2. The course structure
- looking at your client's objectives (begin with brief),
- evaluating the other options for limiting liability and protecting against risk (unlock the strategy),
- really understanding how to meet your client's brief and strategy from a legal perspective (investigating, interpreting and implementing);
- making sure the clause complies with legal restrictions (lightening the load)
- reviewing whether your strategy was successful (deliver and debrief)
3. You need to consider what your client really wants.

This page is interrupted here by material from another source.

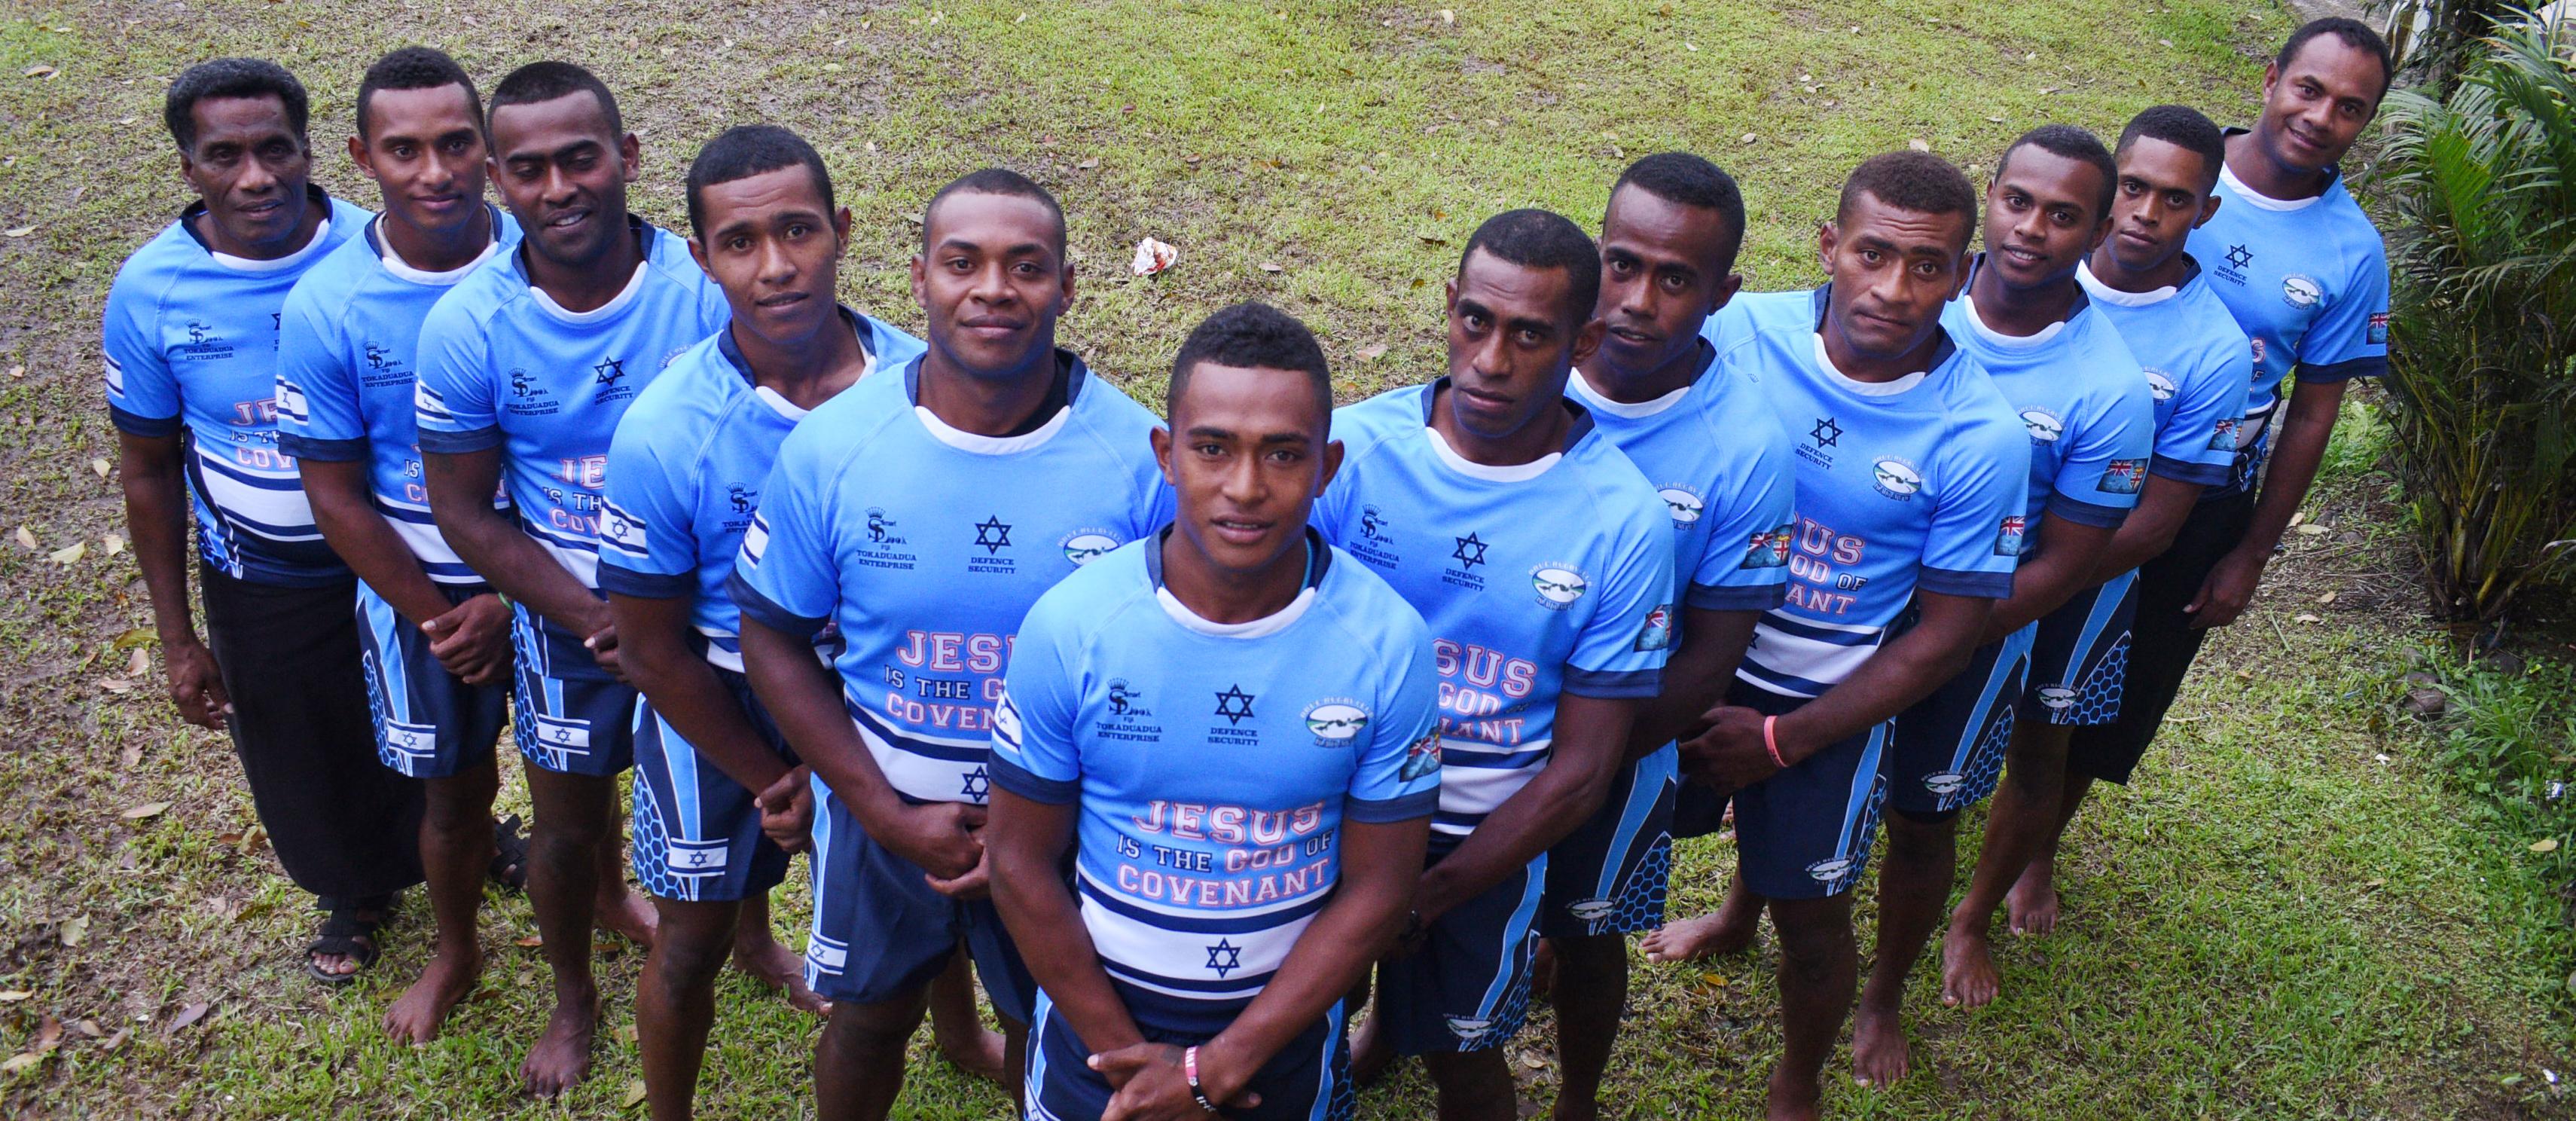 From left: Maciu Vakaloloma (official), Epeli Q, Epeli Litidamu, Peni Mataka, Apakuki Ceula, Peni Siganisucu, Vilikesa Bale,  Amenatave Waqa, Kelevi Toloi, Tevita Boi, Solomoni Lovoti, Samuela Ratini (coach) at Tamavua, Suva on September 12, 2017.  Photo: Ronald Kumar

4. Exclusions are a contract tool for allocating risk. Exclusions must be contractual, refer to an existing or potential liability, between parties to a contract, arising from breach of contract or negligence. Exclusion and limitation clauses can be definitive (ie preventing a liability) or defensive (ie minimising or avoiding a liability which has arisen).
5. Wide clauses cover more liabilities but are often unreasonable and therefore unenforceable; narrow clauses are more reasonably but cover fewer liabilities.

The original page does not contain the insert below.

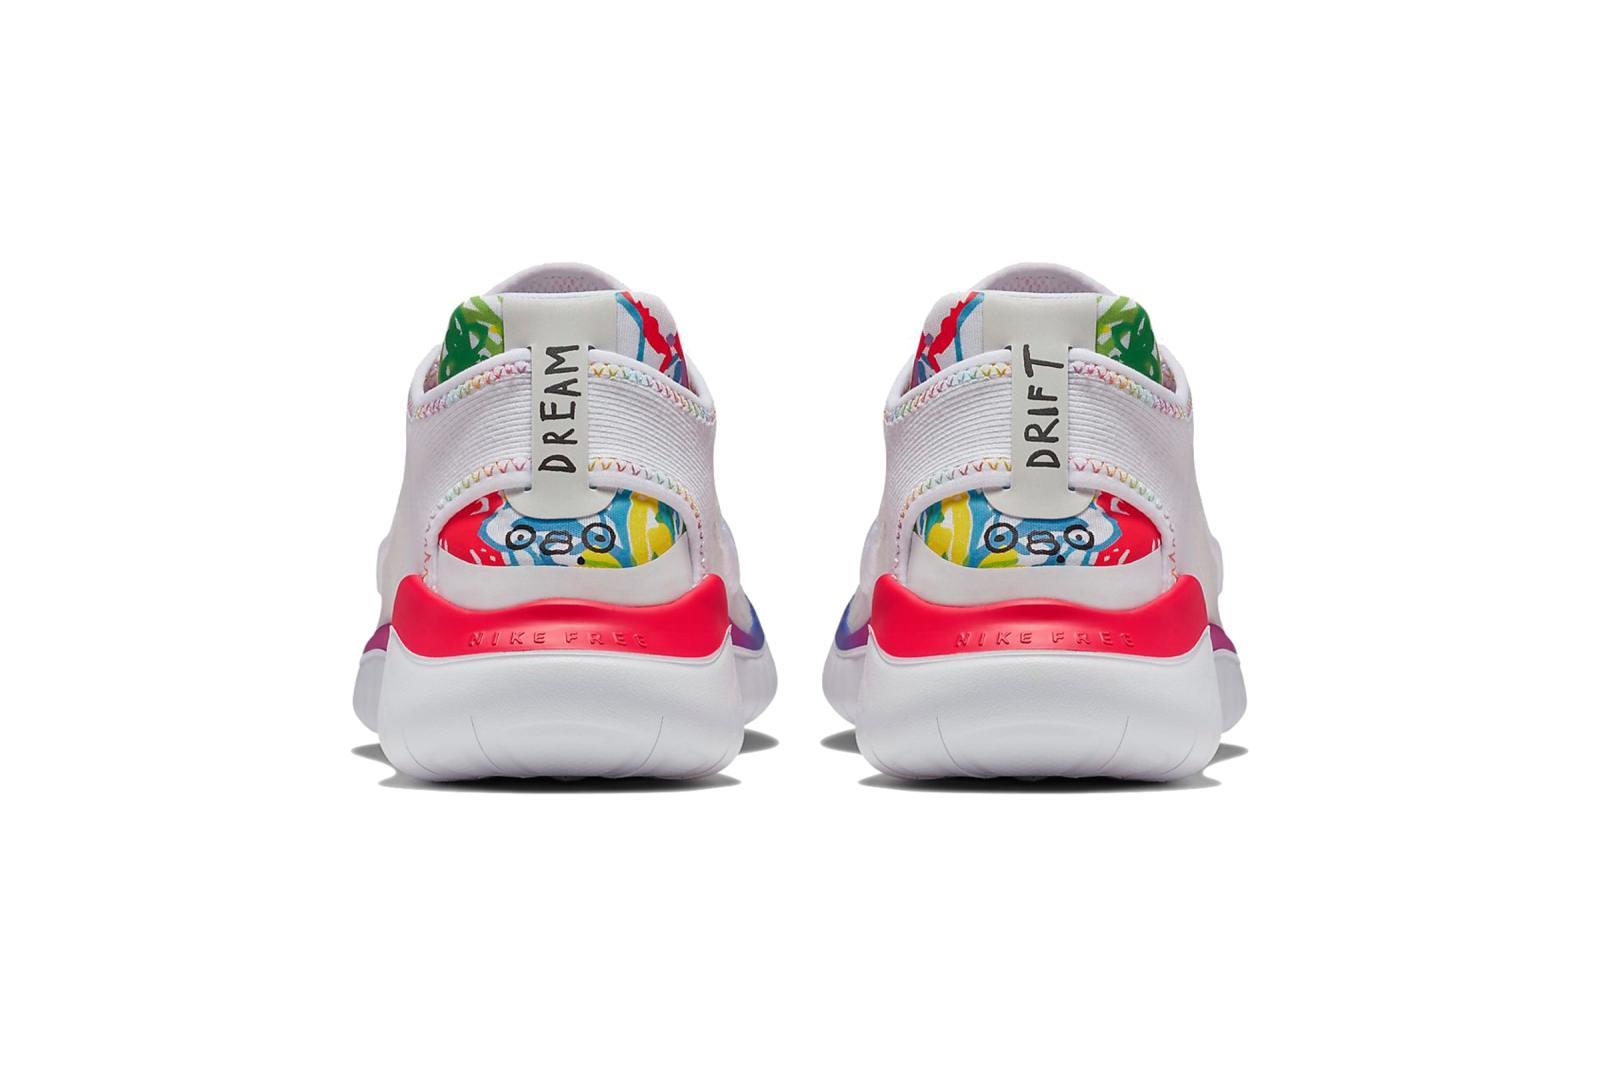 FLABJACKS x Nike Free RN「Free Expression」聯名系列登場

6. Investigating clauses means considering special cases such as set-off, fundamental breach, third parties. The only one worthy of review is the negligence rules for exclusions under Canada Steamship.
7. The courts have moved from strained construction of exclusion and limitations (before UCTA 1977 in the UK and then UTCCR 1999) to a more purposive approach. See Photo Production and Felton v Liverpool. Interpretation involves three rules: against the proposer (contra proferentem), strict interpretation of exclusions and using case law precedent (stare decisis).

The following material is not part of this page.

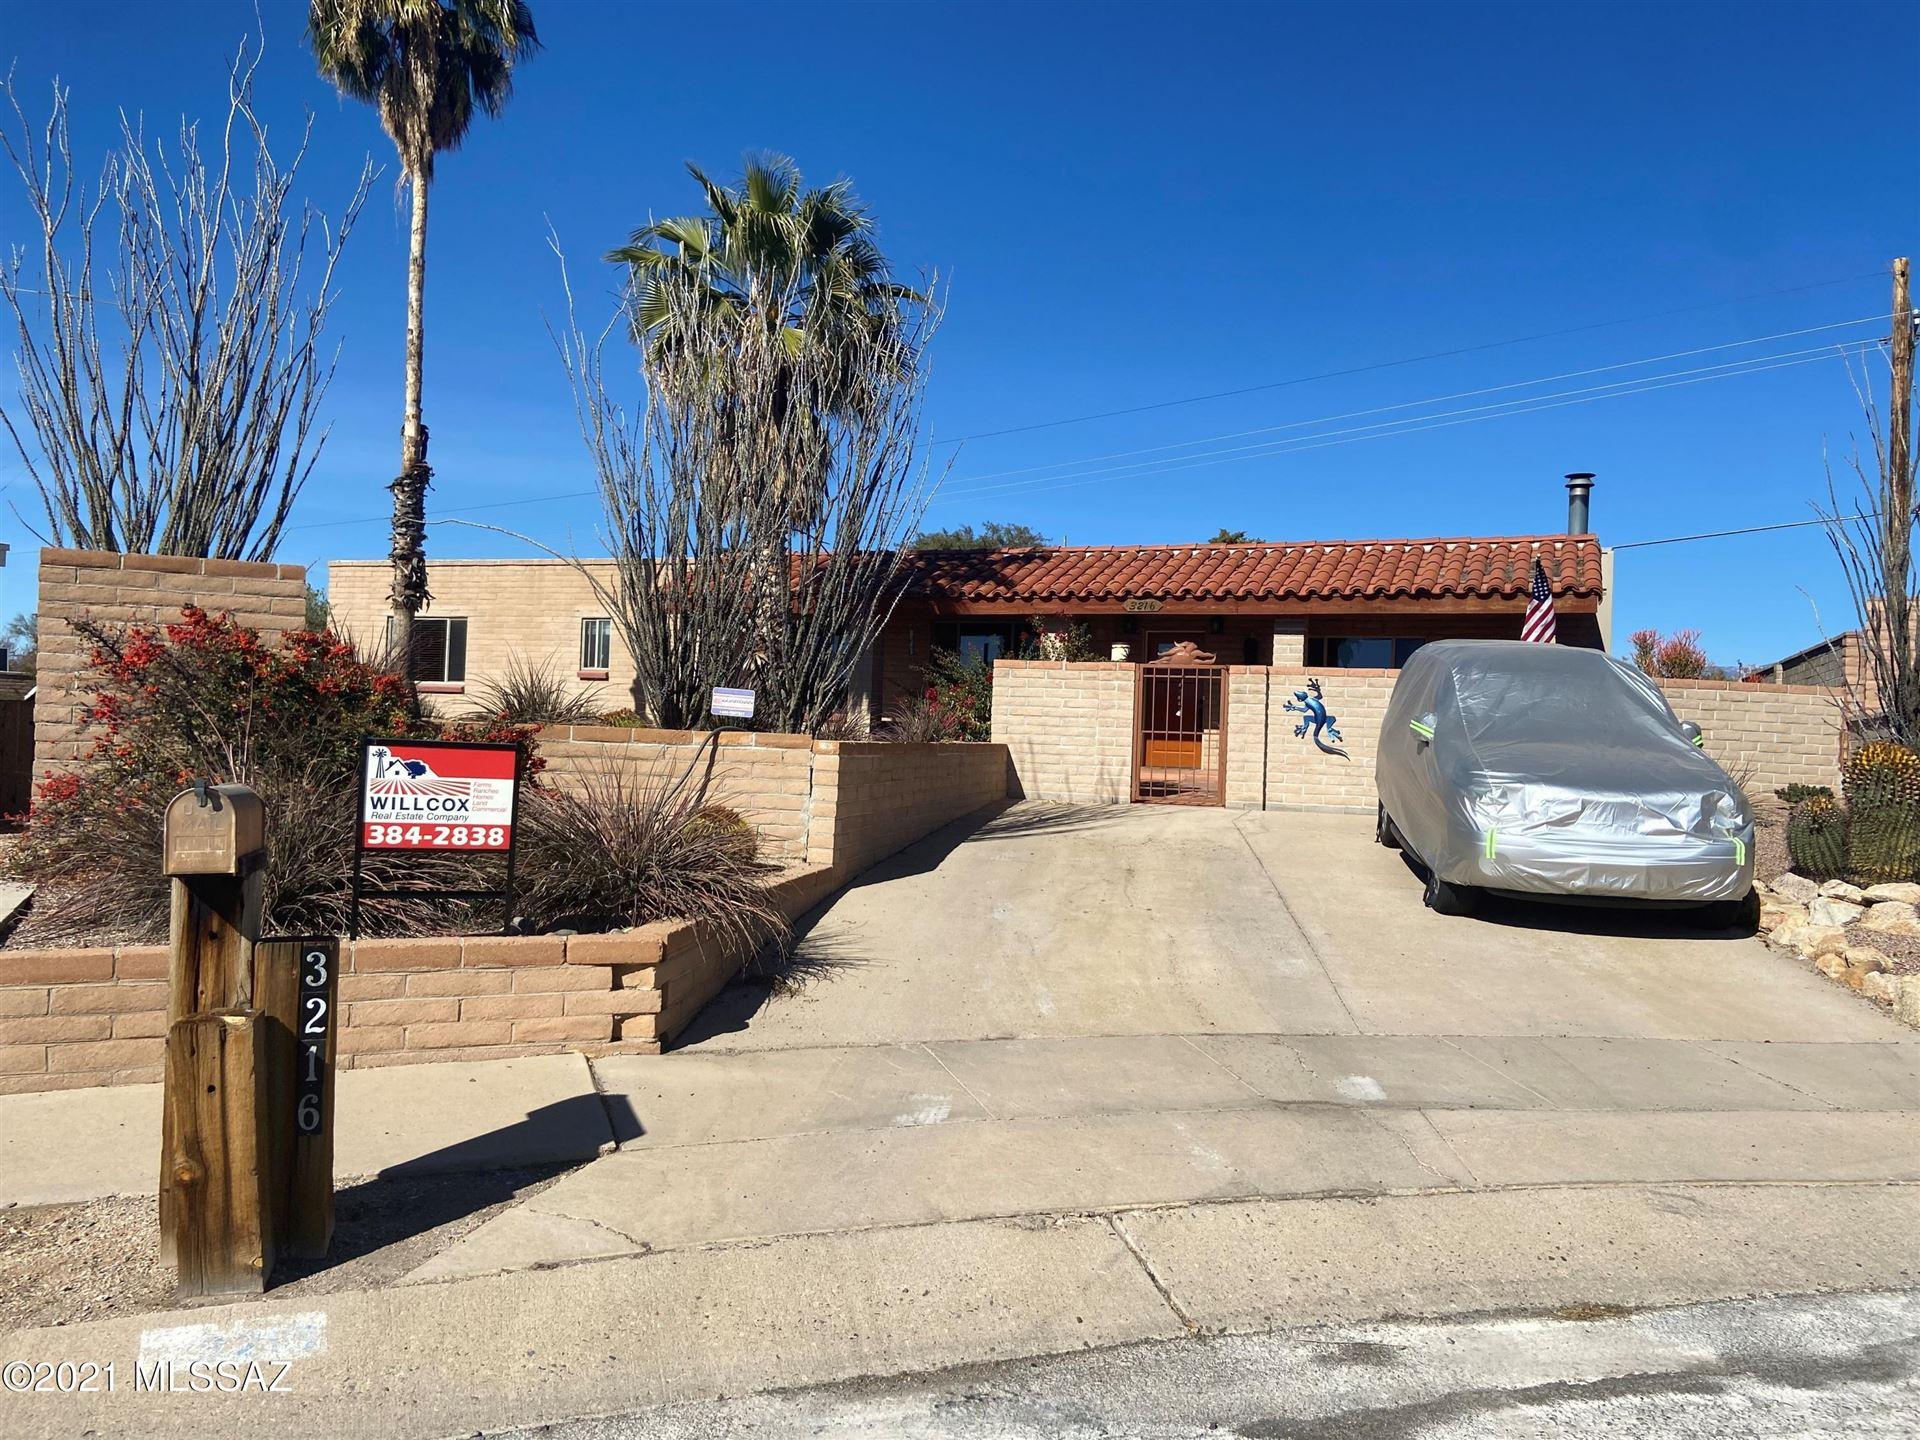 3216 S Winona Circle, Tucson, AZ 85730 - MLS#: 22100675

8. Implementation often means a form of incorporation - signature, notice or course of dealing. In construction contracts, you also need to consider incorporation by reference.
9. UCTA 1977 applies to business to business contracts (unlike UTCCR) and makes clauses either void or only enforceable if reasonable. It is not possible to use a blue pencil to separate reasonable and unreasonable elements in a clause. Watford v Sanderson.
10. Standard form construction contracts can be standard terms of business (ToB) but are often not the other party's standard ToB as required by the English/Welsh version of UCTA. See BFP v Compair Reavell
11. De-brief involves considering cases on interpretation.
This presentation does not contain all relevant clauses and is based on English law principles.